PROBLEM TO WORK ON:
Could you output each line below exactly as it appears, excluding any pictures?

DATA BELOW:
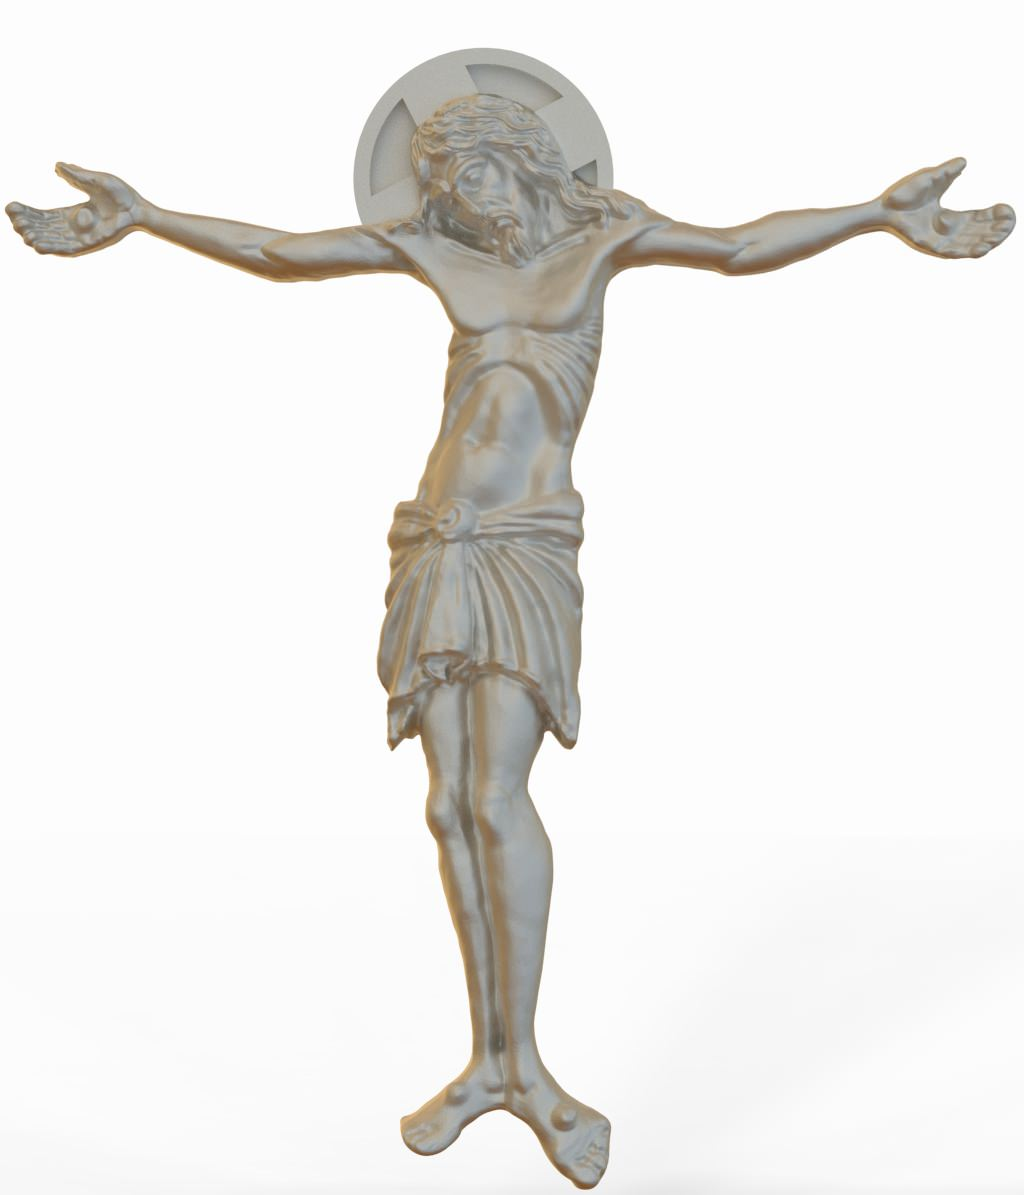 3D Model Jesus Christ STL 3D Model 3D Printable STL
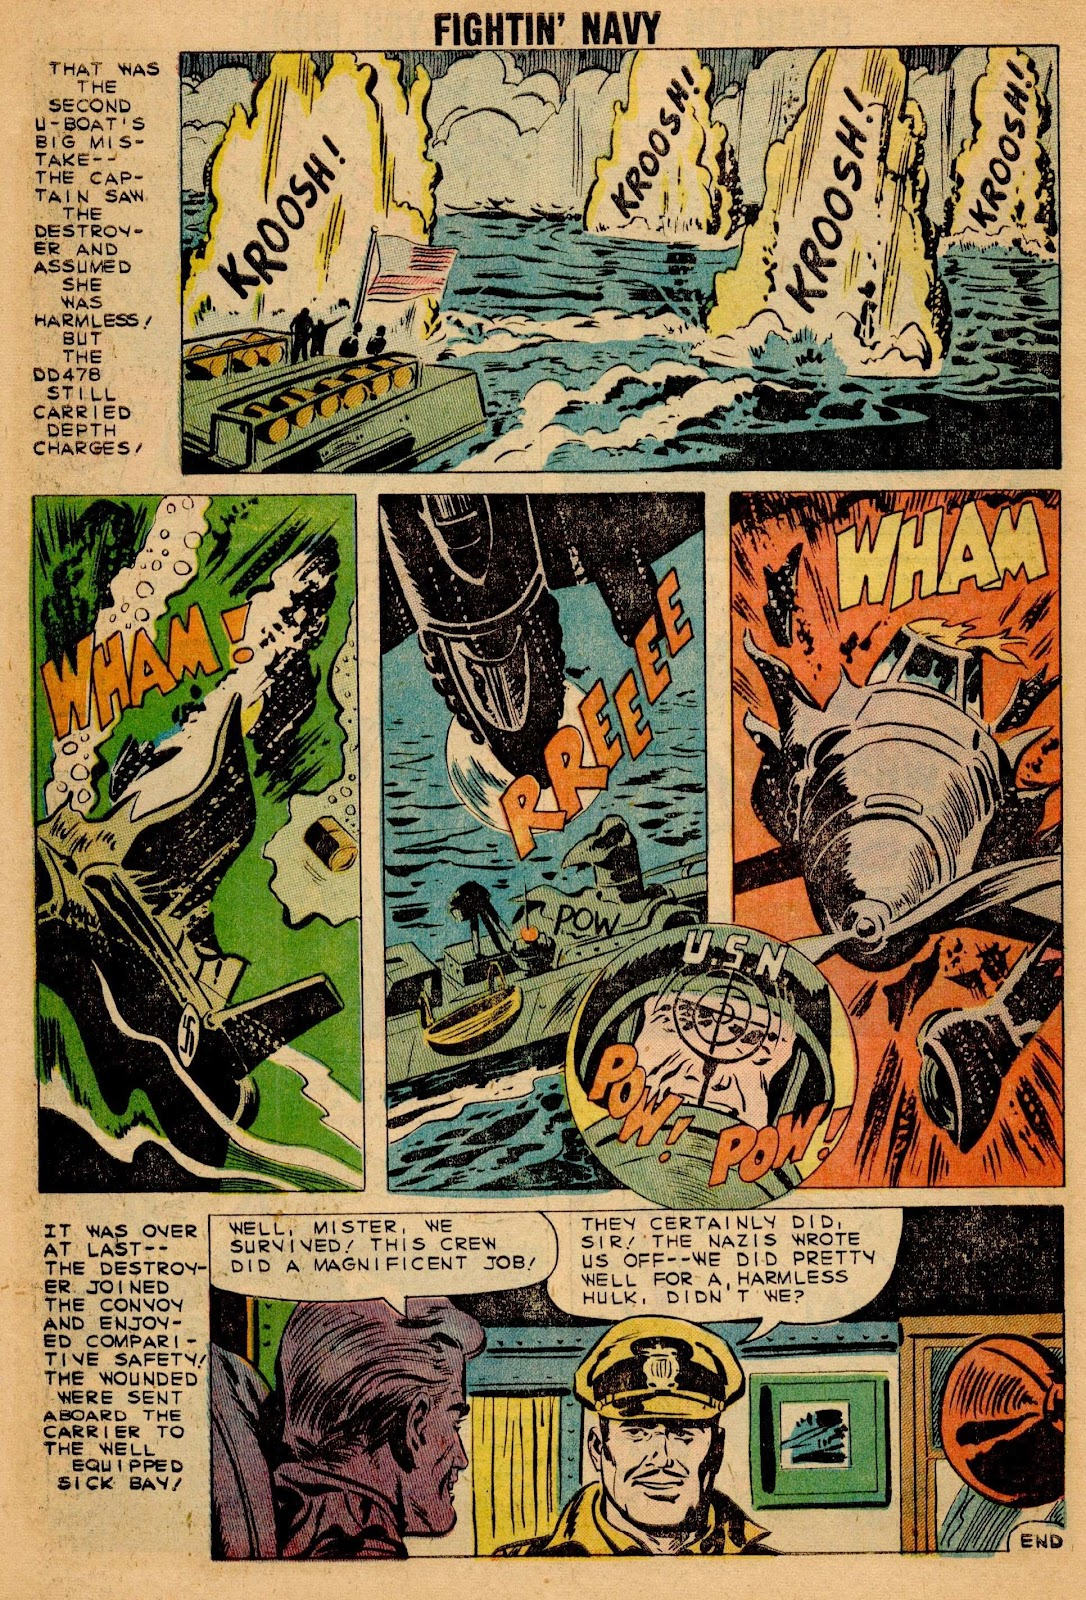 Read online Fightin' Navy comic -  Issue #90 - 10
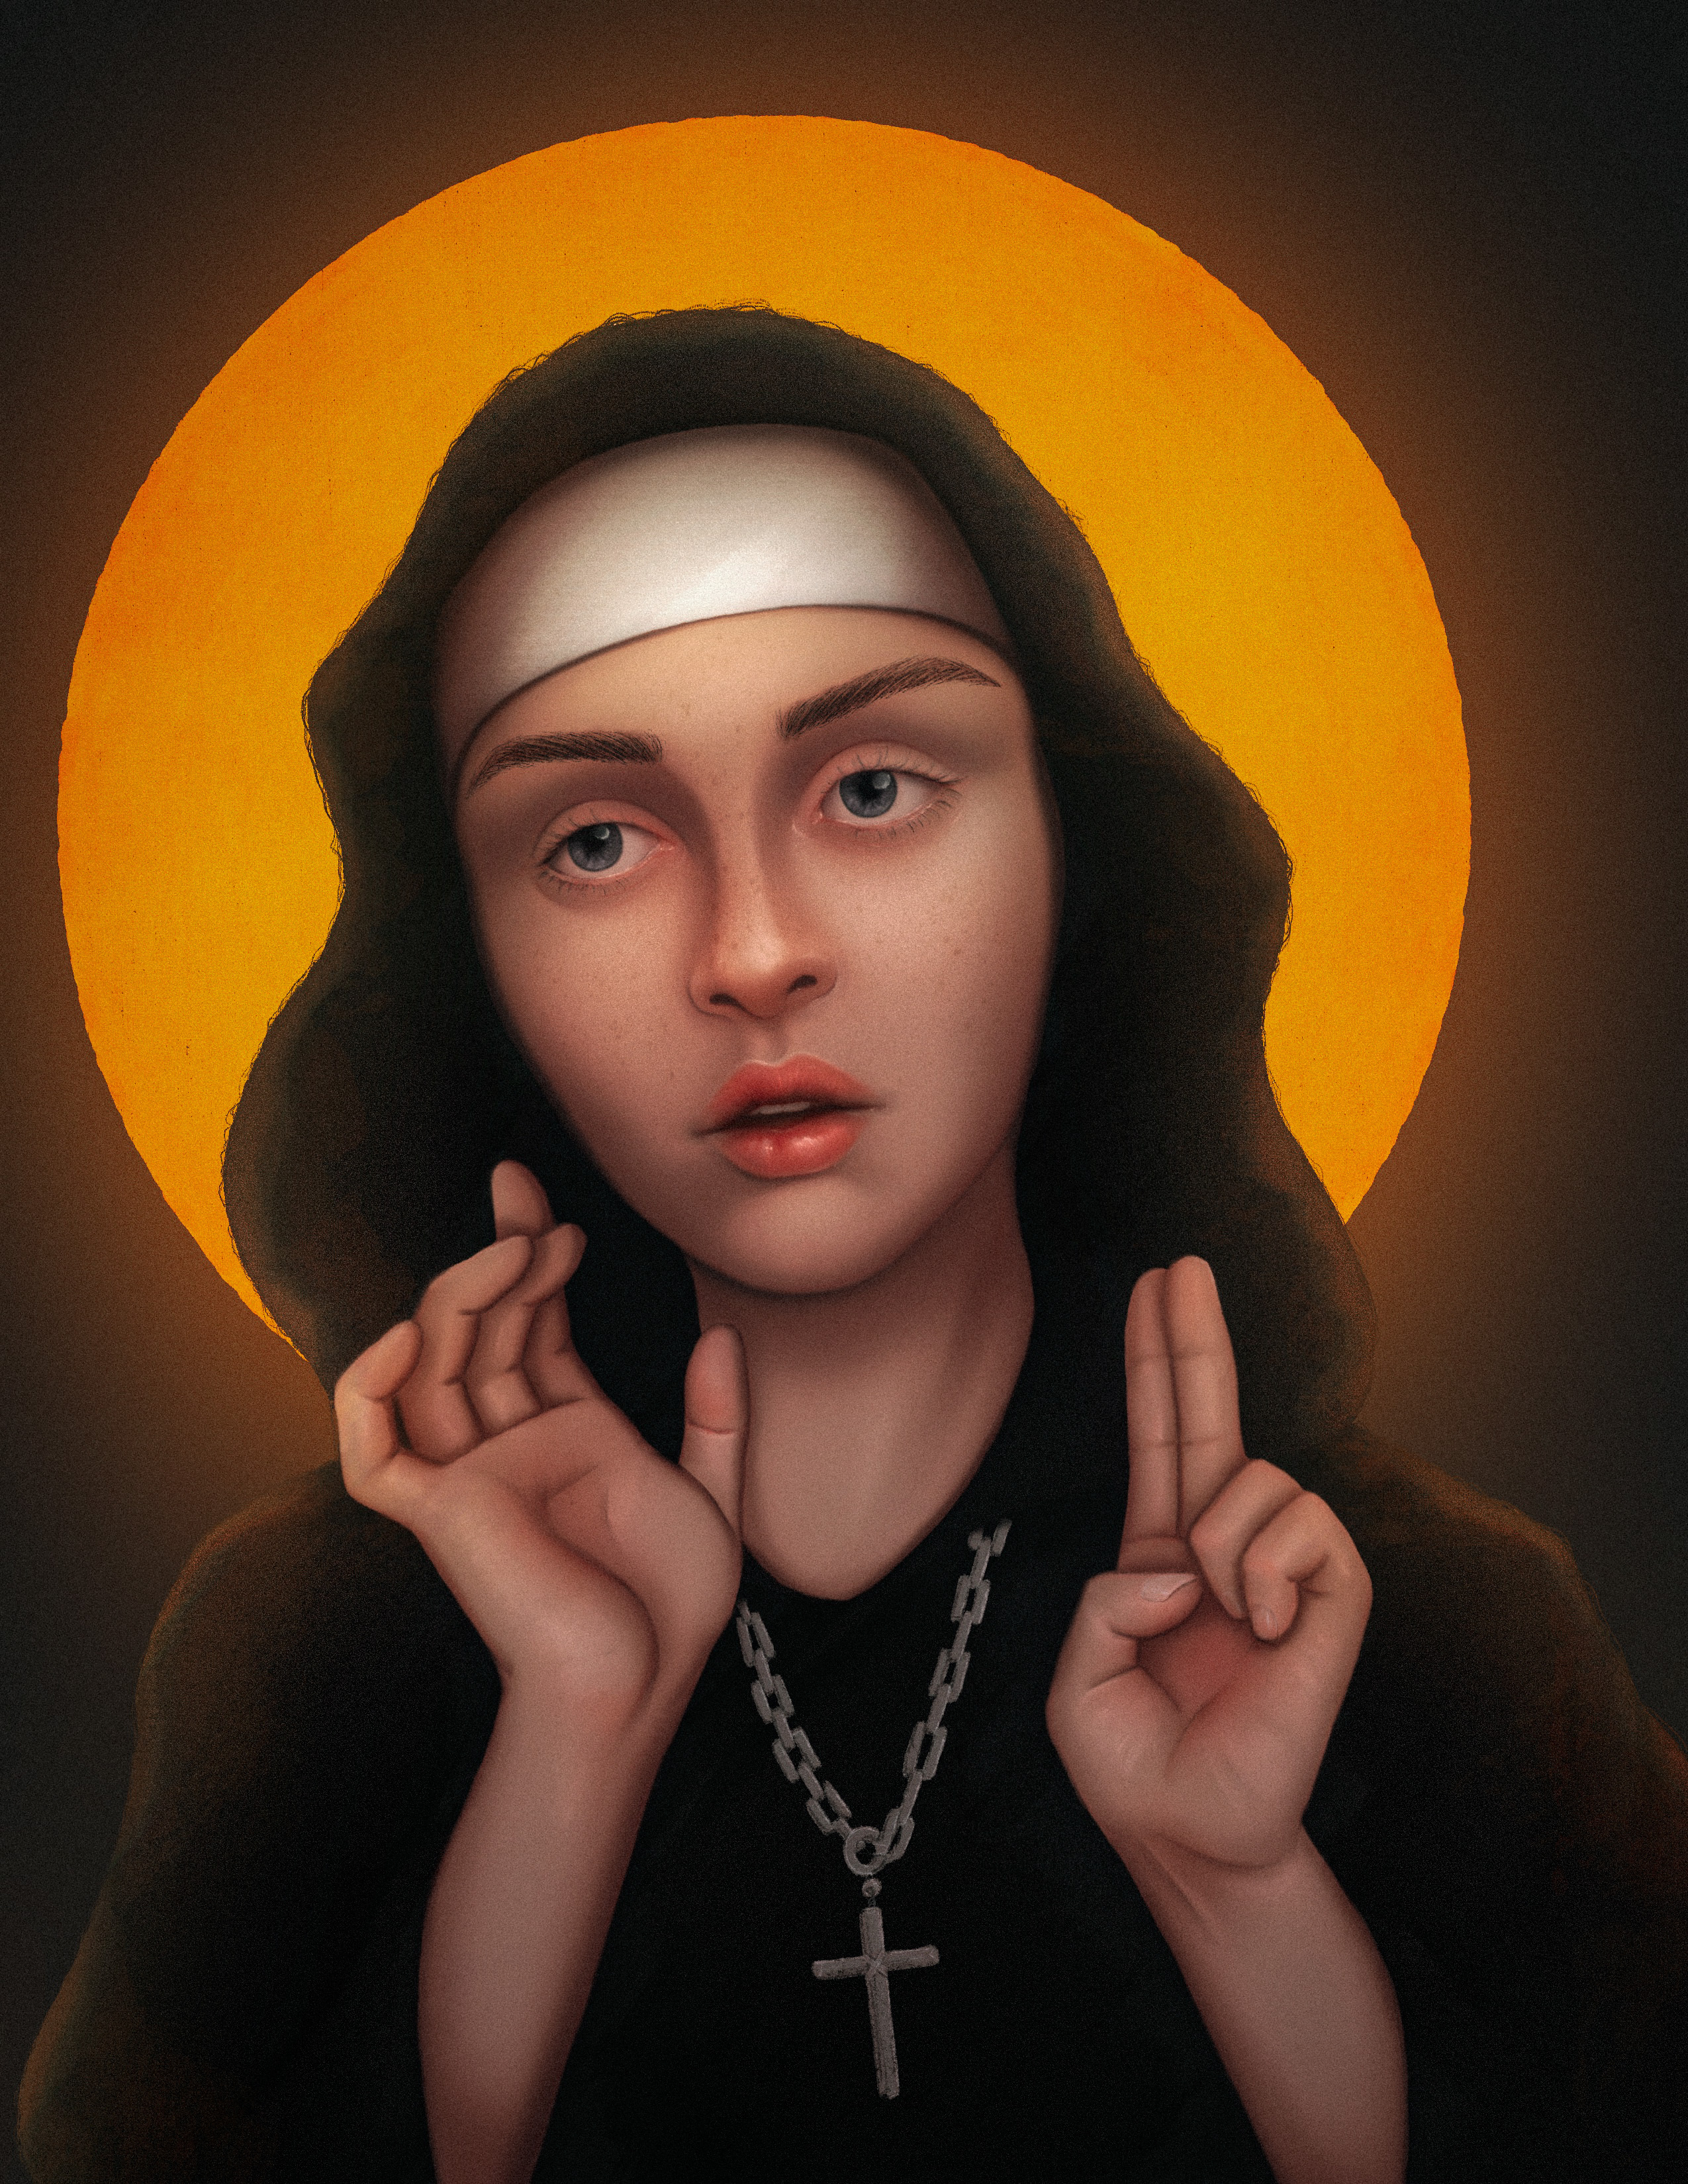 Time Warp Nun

OUTPUT OF THE TASK:
 3D Model Jesus Christ STL 3D Model 3D Printable STL
 Read online Fightin' Navy comic -  Issue #90 - 10
 Time Warp Nun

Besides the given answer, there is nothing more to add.